The after-effects of November’s referendums legalizing the private use of marijuana continue to generate legal questions in Colorado and Washington court houses.

The after-effects of November’s referendums legalizing the private use of marijuana continue to generate legal questions in Colorado and Washington court houses.

On Thursday a Colorado Court of Appeals panel ruled in favor of firing Brandon Coats—a quadriplegic medical-marijuana patient—for testing positive for marijuana despite a lack of evidence that he ever came to work high. The case focused on Colorado’s Lawful Off-Duty Activities Statute that protects employees from termination for legal activities undertaken while not working. The court found that the protection does not apply to Coats because marijuana remains a banned Class One illegal substance under federal law.

Judge John Webb dissented from the majority opinion, finding that the Lawful Off-Duty Activities Statute should apply on the grounds that both the statute and Amendment 64 legalizing private marijuana use are state laws.

A Colorado state task force examined the issue in February, recommending that employers retain the right to terminate employees for using marijuana off-the-job. An author of the report, Christian Sederberg, told The Denver Post, “We intended to leave employers to have their own policies on these issues.”

The Appeals Court decision came a day after Colorado state lawmakers attempted to set THC blood-level limits for operating a vehicle and voted out of committee a bill requiring marijuana growers and sellers to remain under a single corporate structure until October 2014.

A thousand miles to the Northwest, Washington state lawmakers grappled with a different sort of marijuana-induced judicial conundrum.

Washington state law currently defines marijuana as containing over 0.3% of the intoxicating compound delta-9 THC; anything below that threshold is considered hemp. Erik Nielson of the Washington State Patrol Crime Lab’s Forensic Lab Services Bureau described the schism between the legal and street definitions of the substance to the Associated Press, “When you smoke it, it would be very potent, but…it would be considered hemp under the law.”

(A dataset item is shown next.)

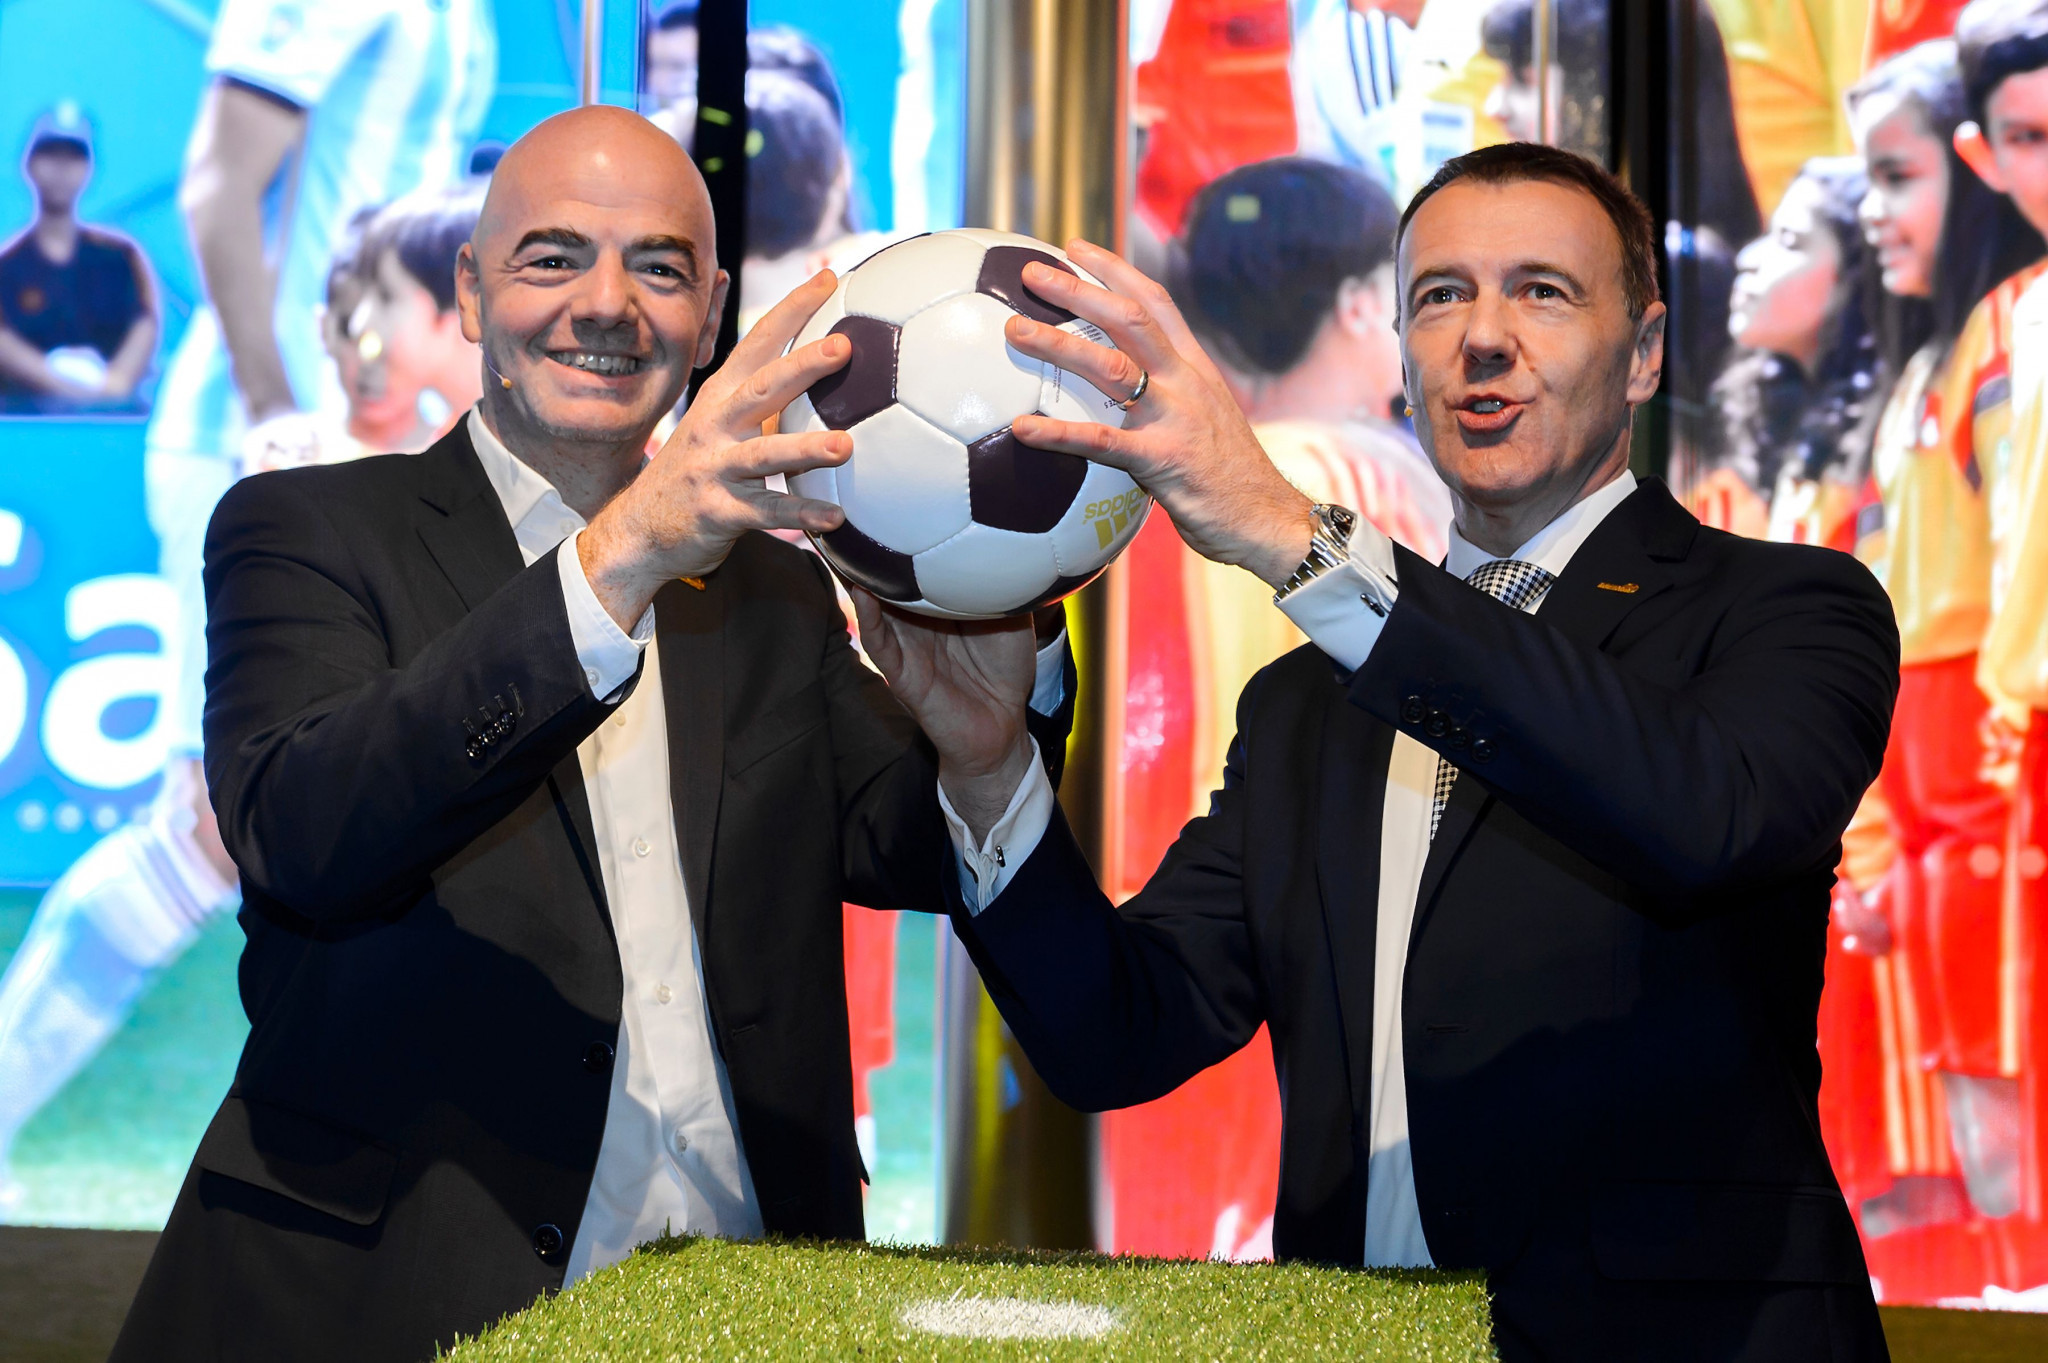 Sepp Blatter's predecessor as FIFA President, Gianni Infantino, left, had opened the Museum in 2016 ©Getty Images

Instead of testing the THC concentration of each confiscated quantity of marijuana, which remains illegal for persons under 21 years old, law enforcement officials brought House Bill 2056 to lawmakers where it received 6-3 approval by the House Government Accountability & Oversight committee. The bill changes the definition of THC concentration to distinguish the intoxicating cannabis plant from industrial hemp, the production of which the committee seeks to protect. The measure will require a two-thirds vote in both houses of the Washington State Legislature to pass per state constitutional requirements for changing constitutional amendments.

Earlier this month marijuana legalization won the support of a majority of Americans for the first time in a poll conducted by Pew Research. Since that poll the White House has published a policy report endorsing the use of drug courts and alternatives to incarceration for individuals suffering from addiction while reaffirming the administration’s goal to eradicate marijuana production.